Dersim Katliamı ve Dersimli Kemal!

Öncelikle,
Önceki gün'e gidelim.
Sonra da, düne yansımasına bakalım.
Ardından,
Topyekûn "harmanlamanın" geliştirdiği ürüne yoğunlaşalım.
Hikmeti,
Kamil neye işaret edecek diye?

* * *

Malum,
Salı günleri, mudtat olarak Partilerin grup toplantısı var.
Meclis'te,
Grubu bulunan partiler bu günde; "gündemi" konuşurlar.
Tabi bir de; partiler ve liderlerin "birbirlerine" yönelik, atıfları olur.
Önceki gün gözler,
CHP'nin Genel Kurulu'ndaydı,
Kürsüde,
Benim adım Kemal diyen, Kılıçdaroğlu var.
Salonda,
Bir hayli kalabalık. Denildiğine göre; kalabalık illerden heyetlerden oluşmuş.

* * *

Salon dolu.
Yani; bir nevi "ver coşkuyu" havasının estiği bir ortam hâkim salonda.
Kılıçdaroğlu,
Başbakan Erdoğan'a yönelik "çıkışlar" sergiliyor kürsüden!
Çıkış,
Sonra da çöküşe hikmetli hal-i ruhiyatıyla Başbakan'a diyor ki;
"Ben Dersim çocuğuyum..."
Sanki
Ülke ahalisi ve Başbakan onun "Dersimli" olmadığını biliyor.
İlk kez, ifade ediyormuş b.ir edayla "Dersimli" olduğunu söylüyor.
Vay be...

* * *

Salonda bir alkış var.
"Ben dersim çocuğuyum" diyen Kılıçdaroğlu'na.
Kendini alamıyor, gelen alkışları yenilemek üzere Adım Kemal diyen Kılıçdaroğlu bu kez diyor ki.
"Ben Atatürk'ün çocuğuyum."
Yine alkış.
Neyse ki,
"Ben İnönü’nün çocuğuyum" demedi.
Ya onu deseydi, ne olurdu?
Onu da,
O bu sözü söylediğinde, "söyleriz" ne olabileceğini.

* * *

Sahi;
Kılıçdaroğlu'nun nüfus cüzdanında Dersim yani Tunceli yazılmıyor mu?
Bildiğim kadarıyla, eğer "nüfus" kaydını.
Bazı dönek siyasiler gibi; "değiştirmişse" bilmem. Ancak değiştirmemiş.
O zaman;
Kılıçdaroğlu'nun Dersimli olmadığını inkâr eden var mı?
Yok.
Zaten; Başbakan Erdoğan'da böyle bir inkârda bulunmadı.
Ne,
Şu il, ne bu kent demedi.

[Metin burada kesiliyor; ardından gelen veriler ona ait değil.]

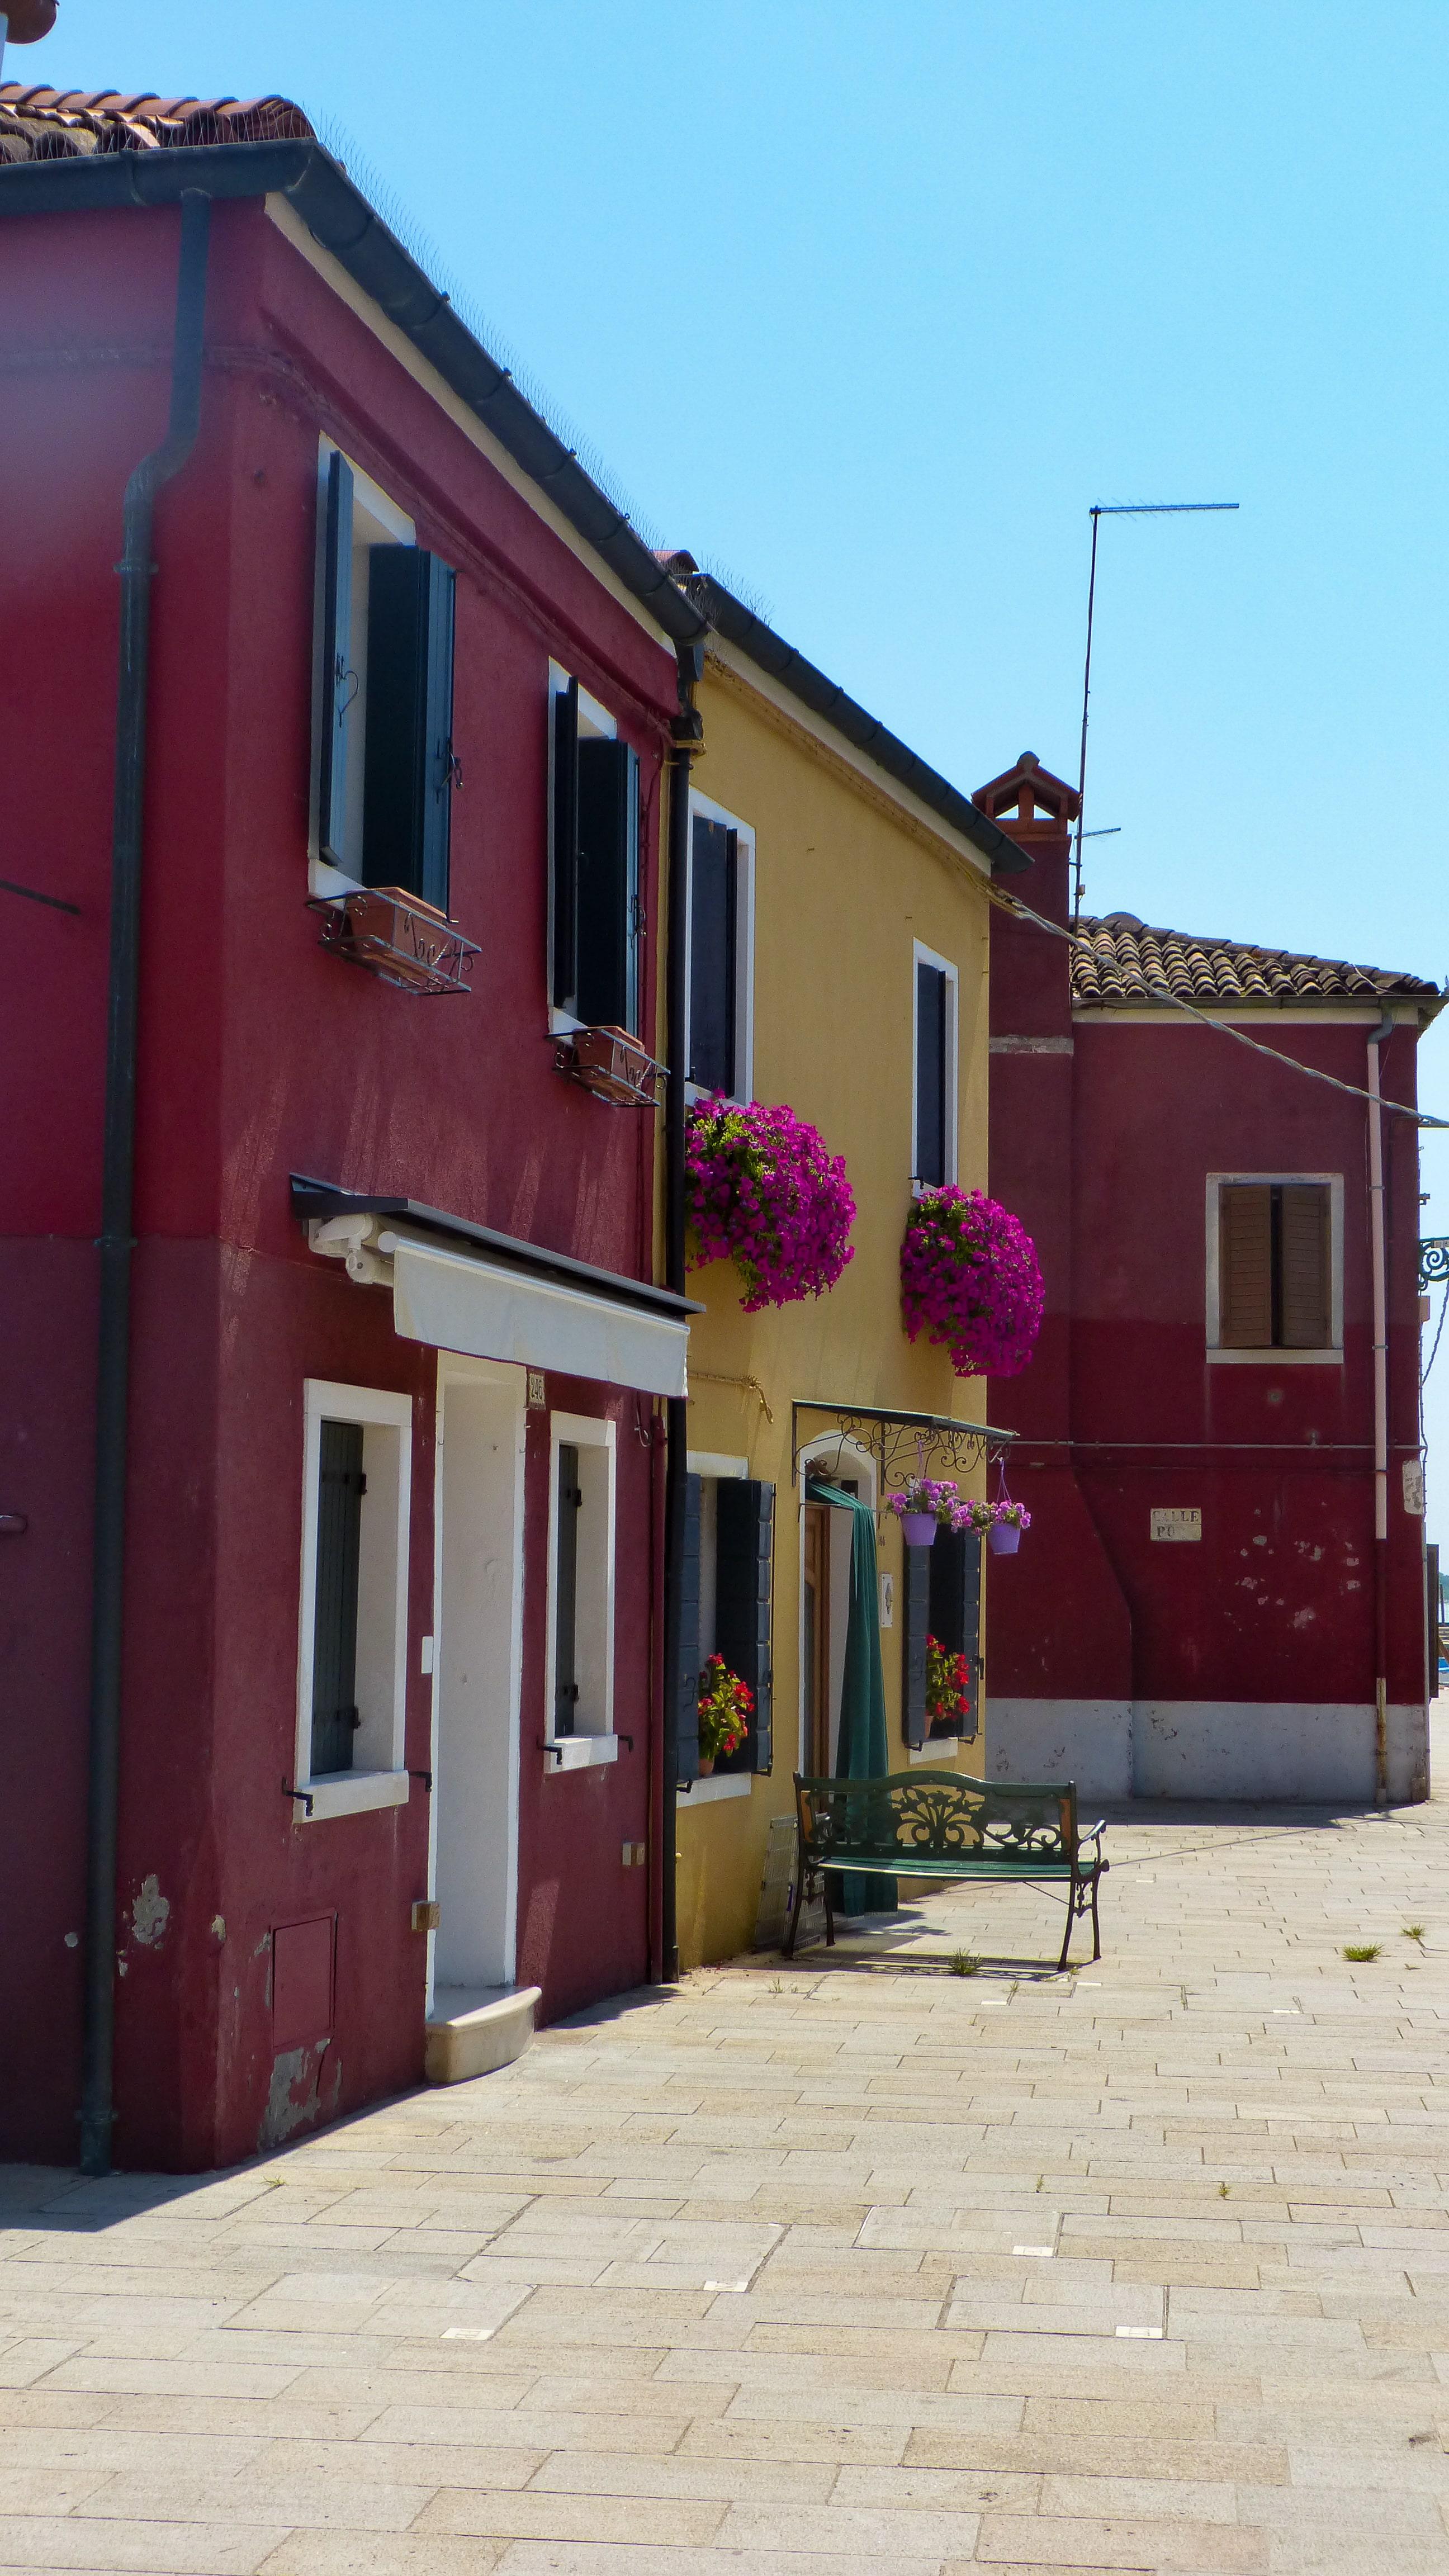 Découvrez l'ambiance colorée de l'île de Burano à côté de Venise.

Dedi ki;
"Sen nasıl Dersimlisin. Çık dersimlilerden özür dile.
Eğer,
Dersimliysen, "geçmişe" ve bugüne, kâmil ol.
Yüzleş,
Geçmişinle, "sorgula", yaşadığını ve büyüklerinin yaşadığı "Dersim katliamını" gör, hatırla.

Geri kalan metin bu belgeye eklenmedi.